▶ [Data in this exercise]:
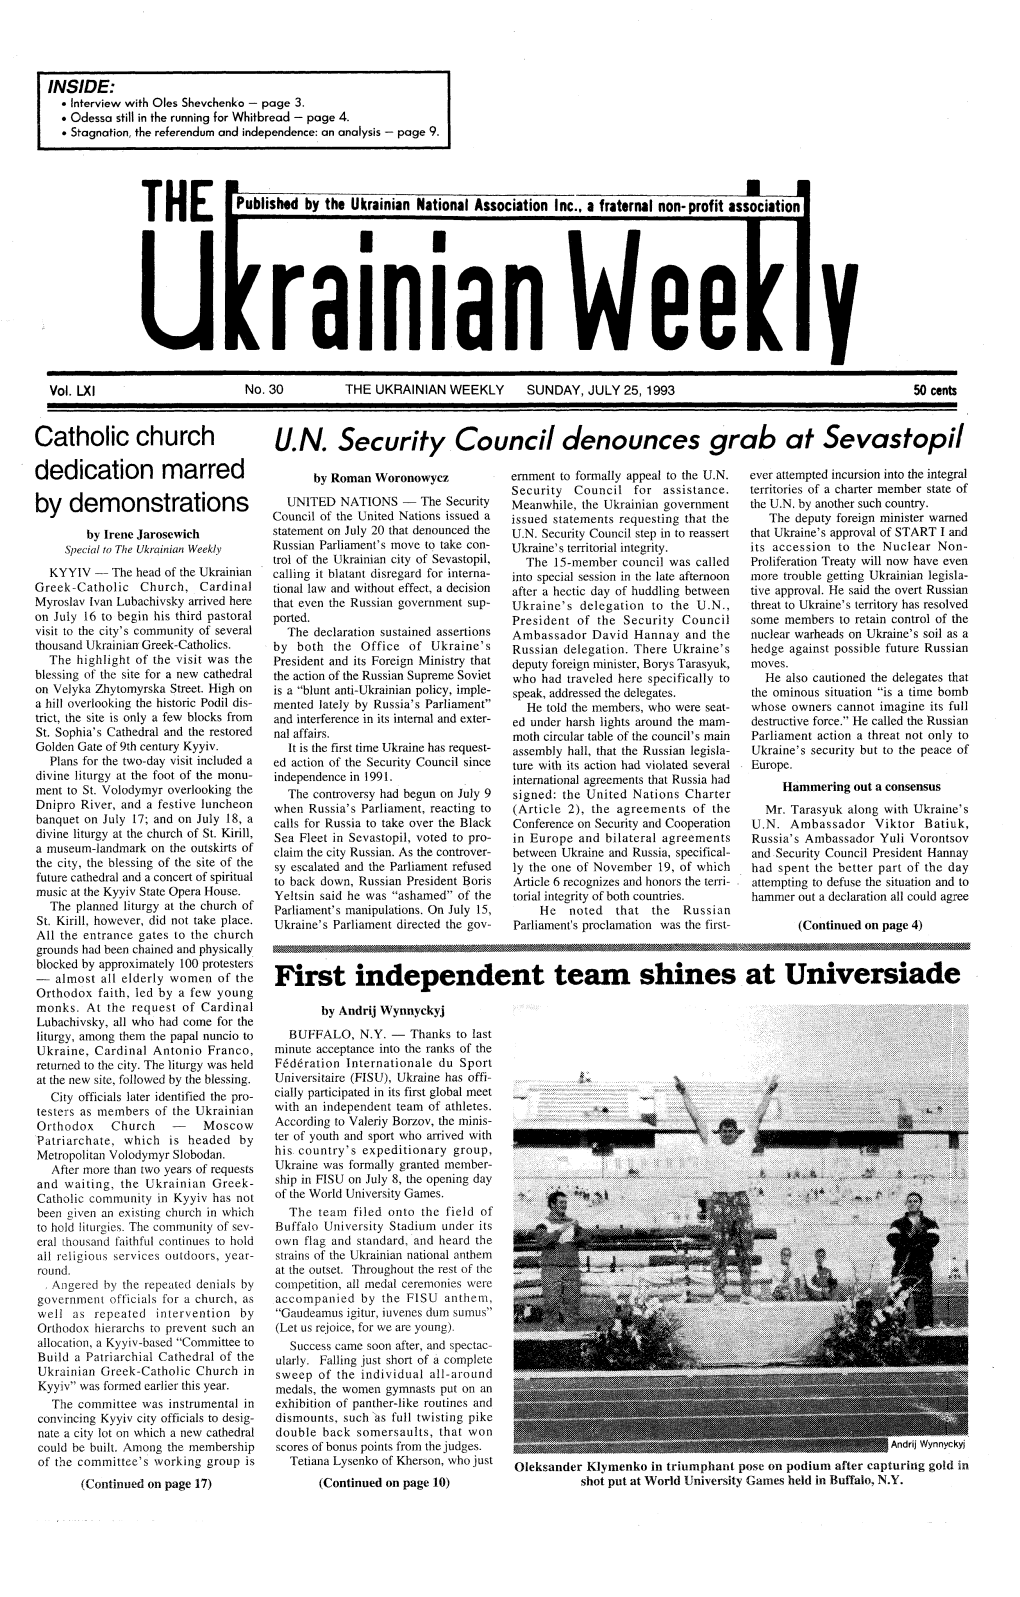 The Ukrainian Weekly 1993, No.30
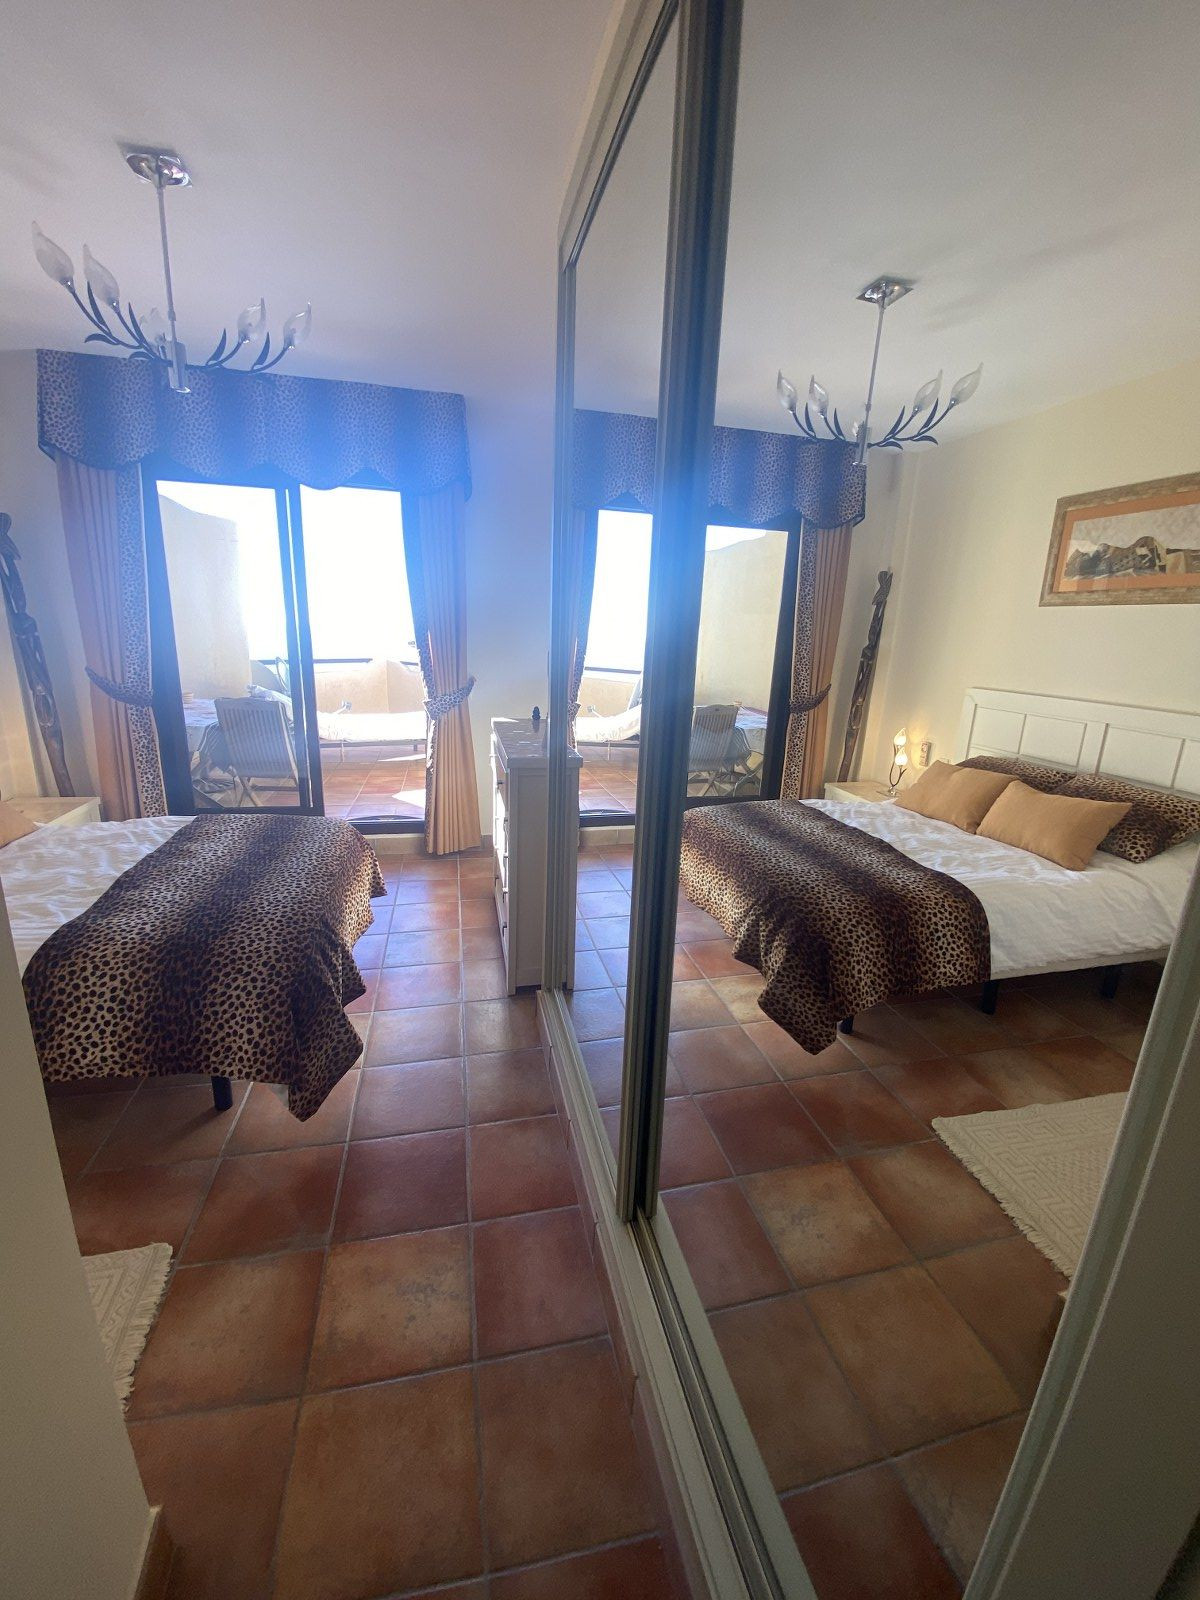 3 bedroom Apartment For Sale in Benalmadena, Málaga - thumb 15
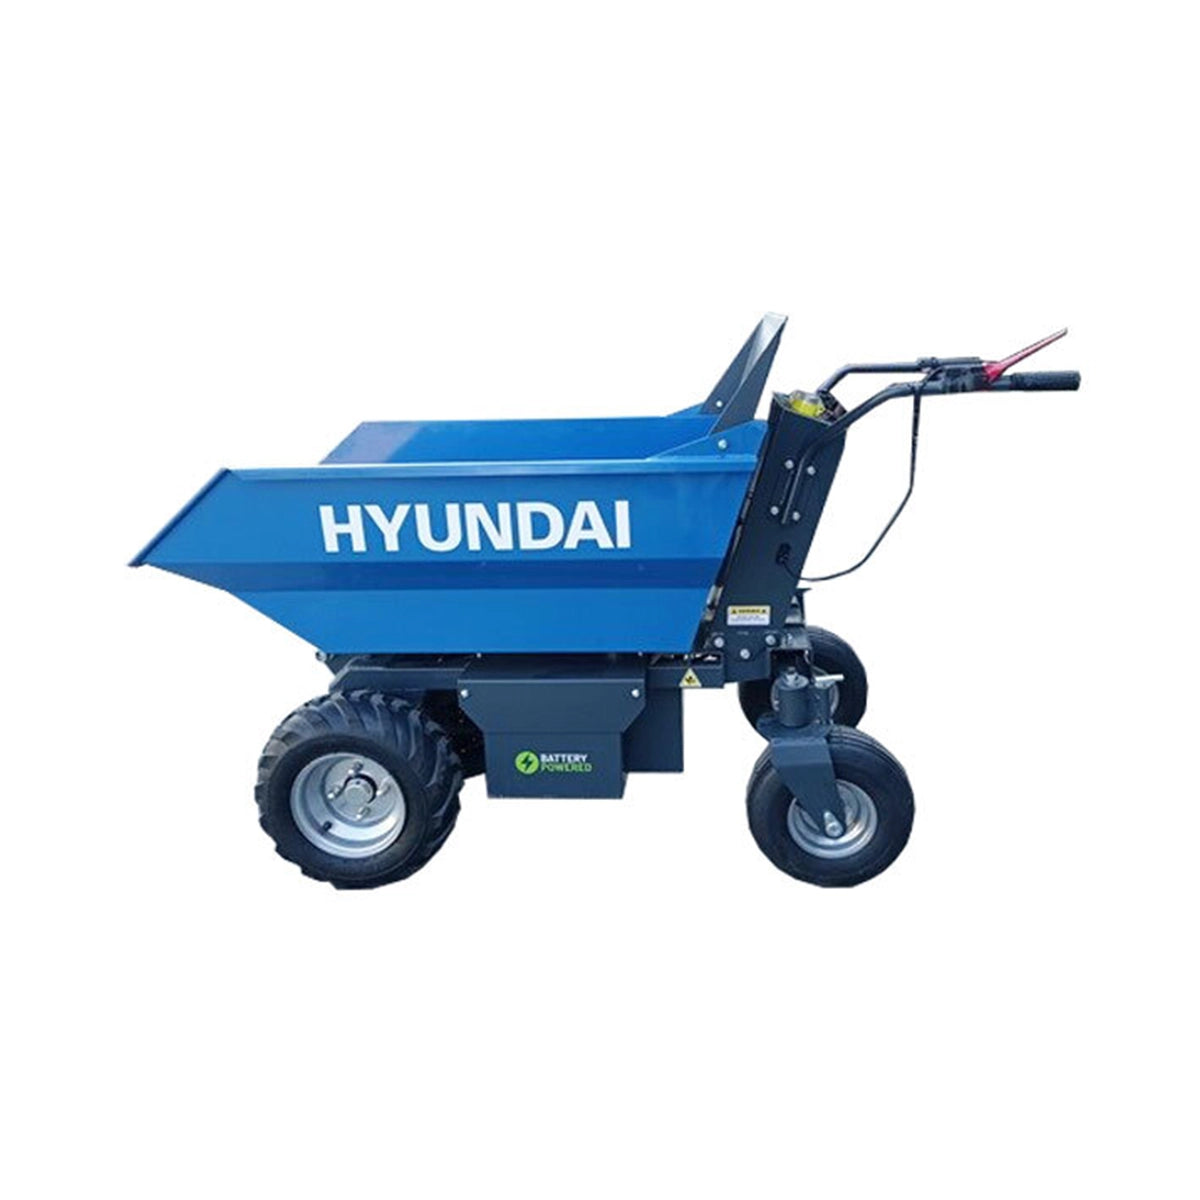 Hyundai HYMD500B 500kg Payload Battery Powered Mini Dumper
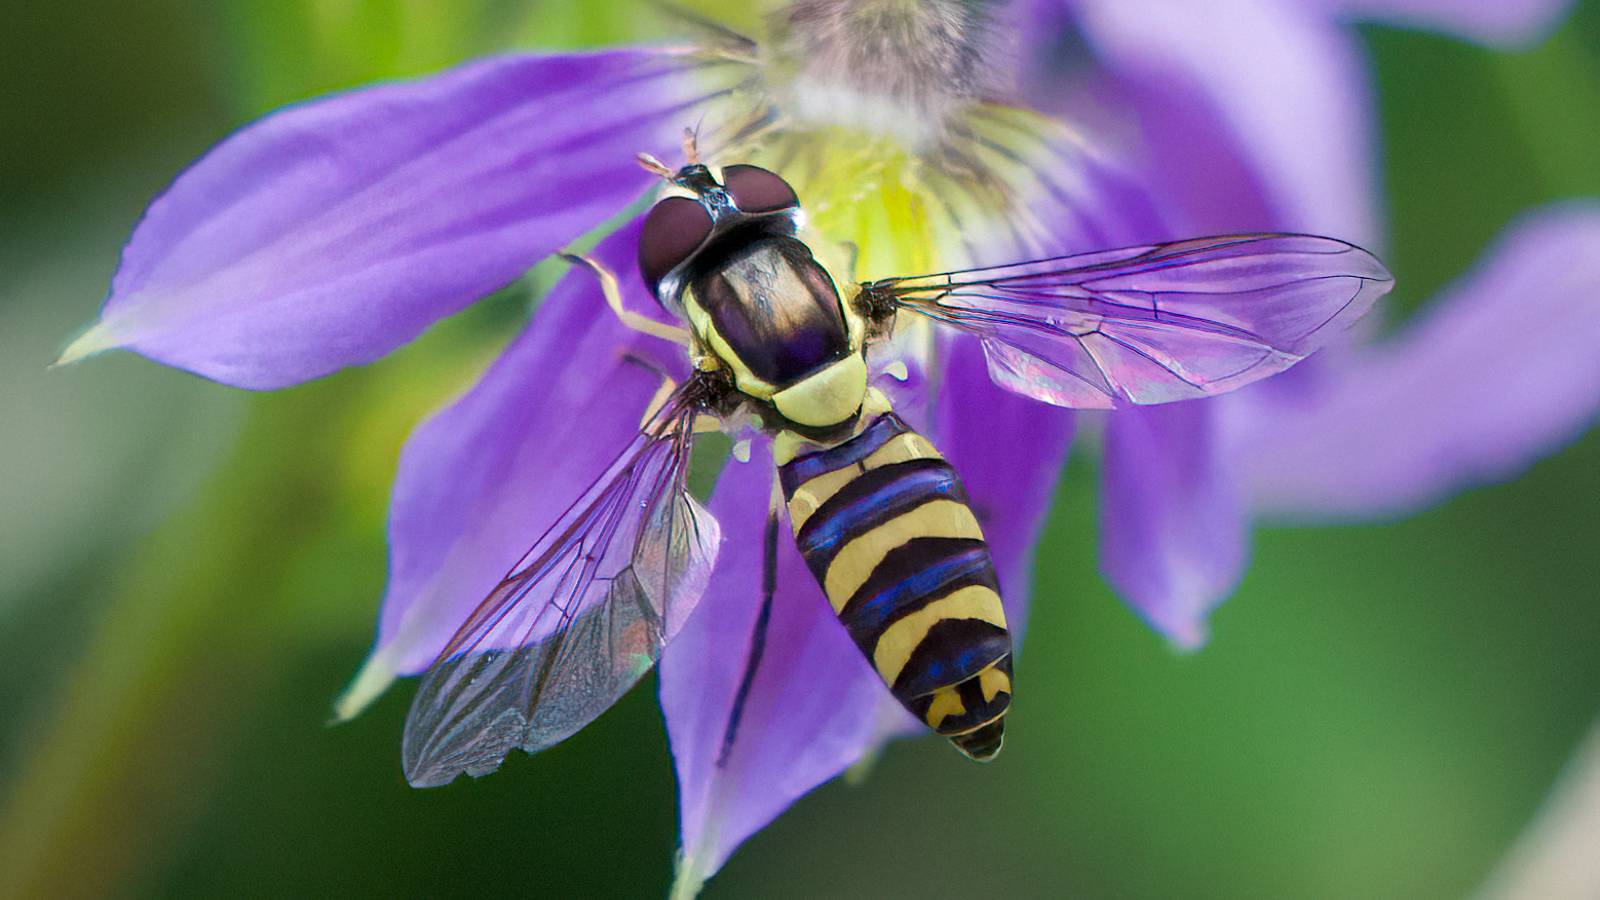 Fauna: Hoverfly on purple flower
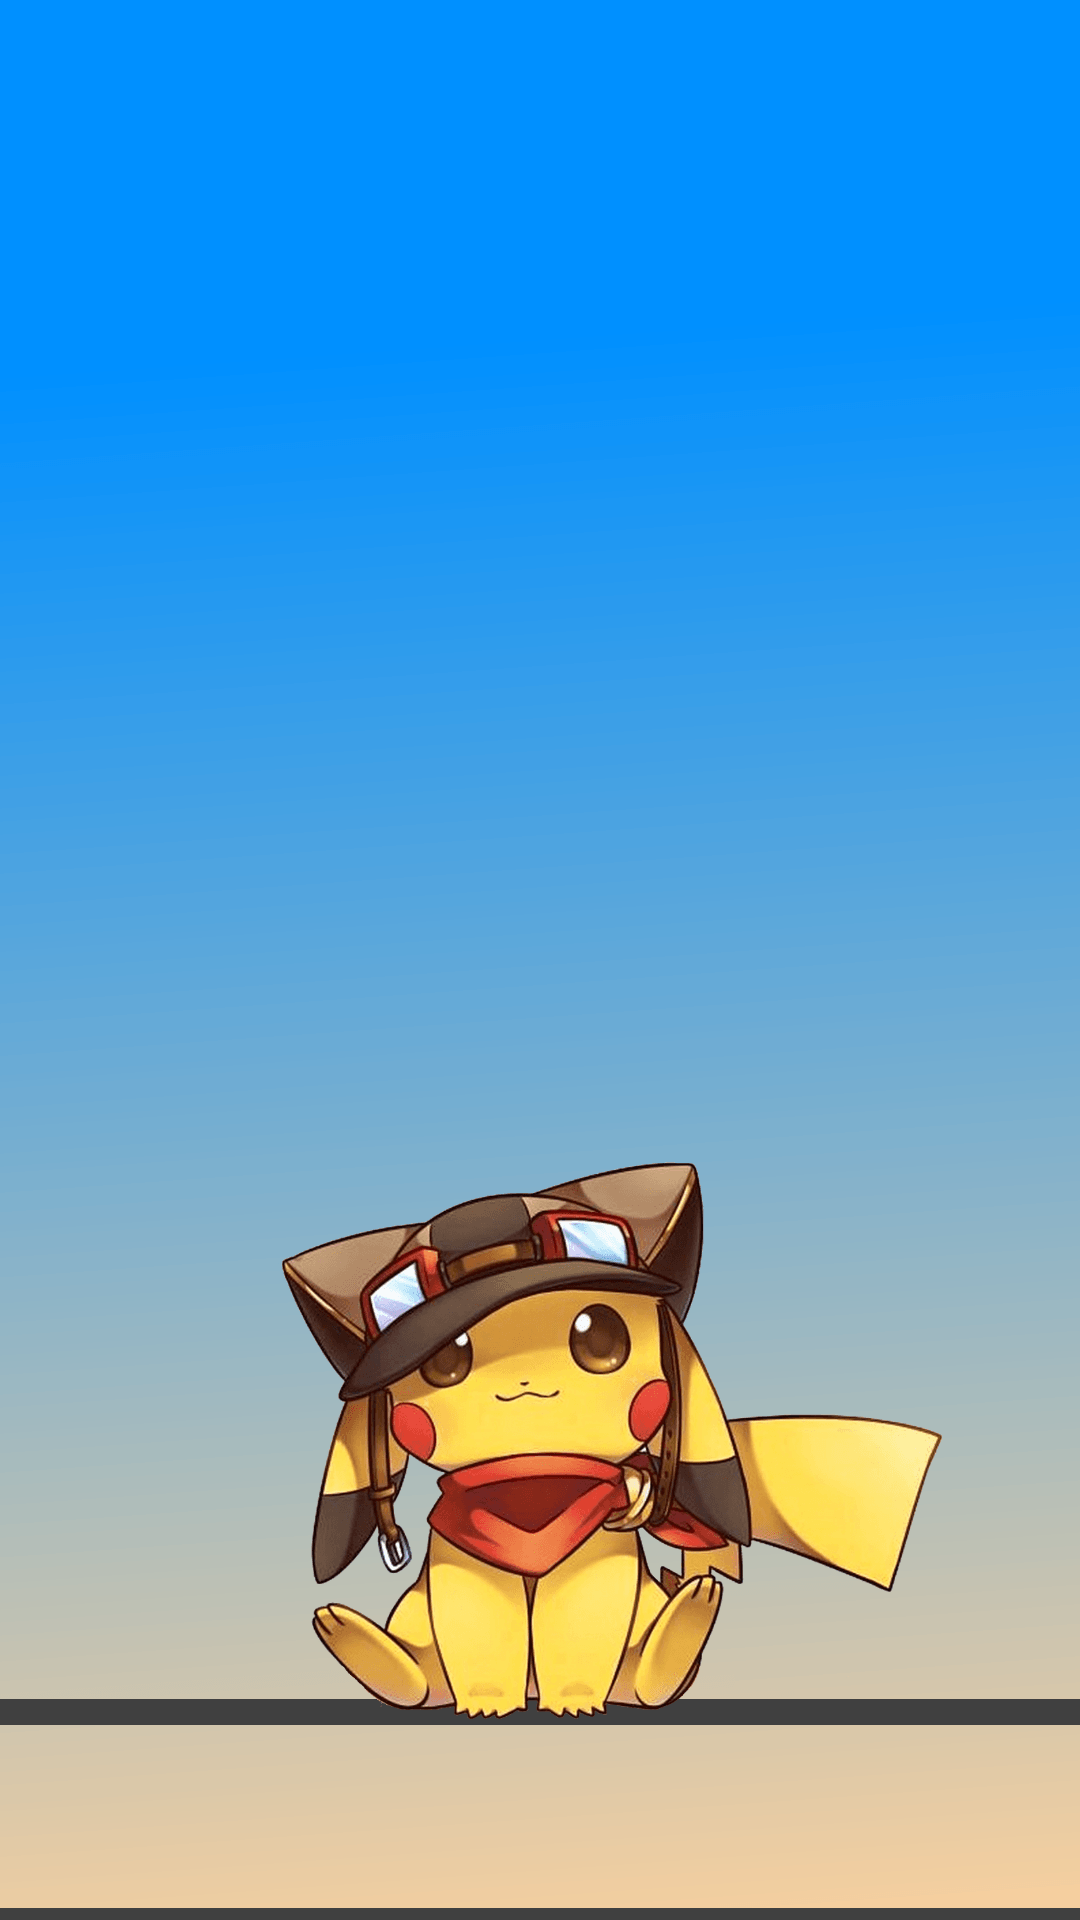 Anime Cute Pikachu iPad Wallpapers Free Download
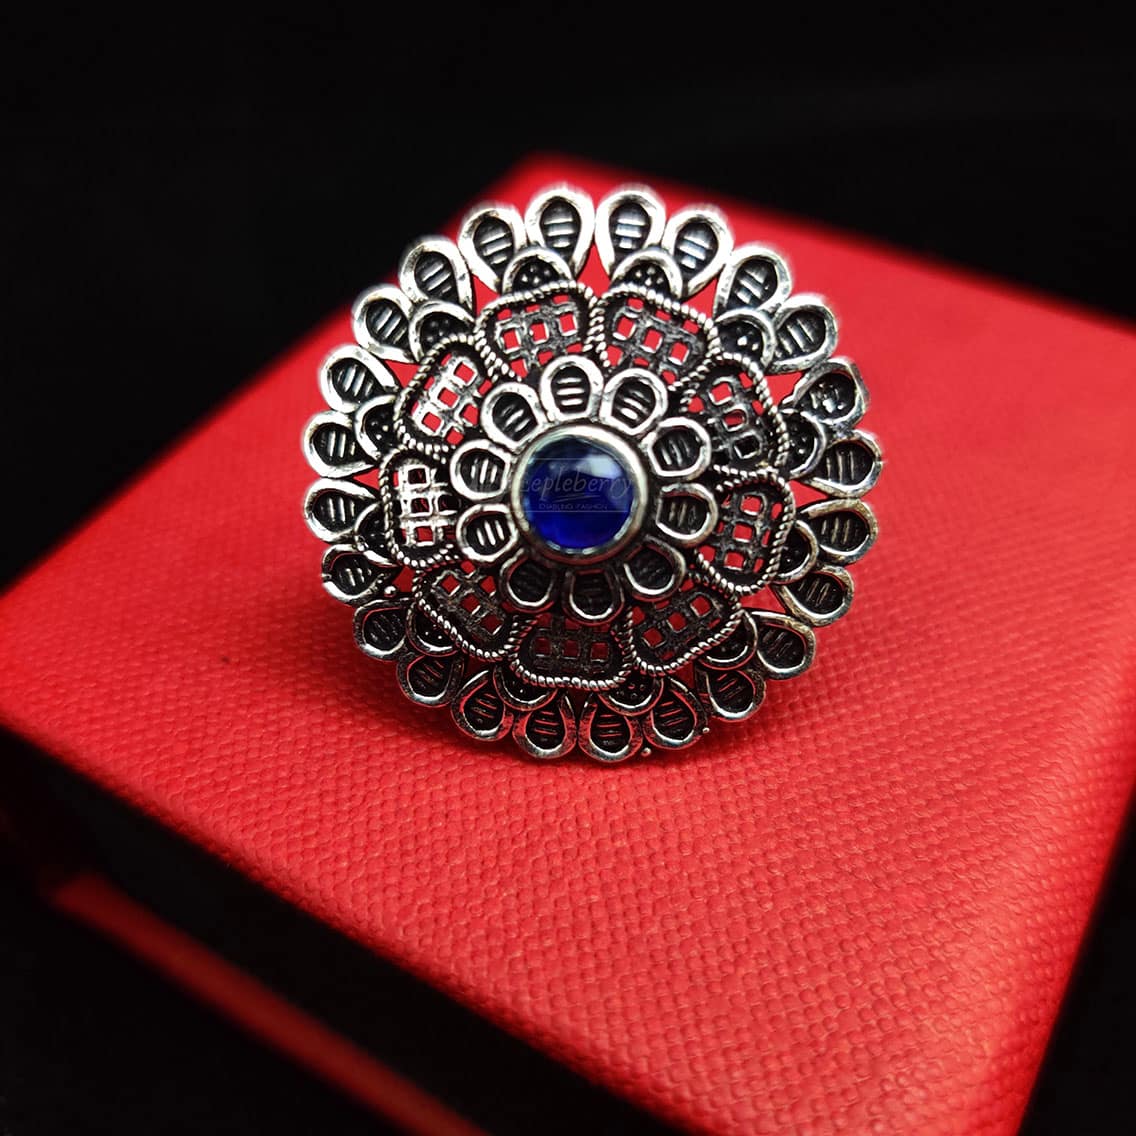 Buy Silver Rings, Trendy Oxidised Rings, Adjustable Rings, Statement Silver  Rings, Gift for Women Online in India - Etsy

▶ [Requirement]: Your answer must be exactly the lines from the one with "Hyundai HYMD500B 500kg" through the last line of the entries, both included, with no pictures; please add nothing else.

▶ [Your response]:
 Hyundai HYMD500B 500kg Payload Battery Powered Mini Dumper
 Fauna: Hoverfly on purple flower
 Anime Cute Pikachu iPad Wallpapers Free Download
 Buy Silver Rings, Trendy Oxidised Rings, Adjustable Rings, Statement Silver  Rings, Gift for Women Online in India - Etsy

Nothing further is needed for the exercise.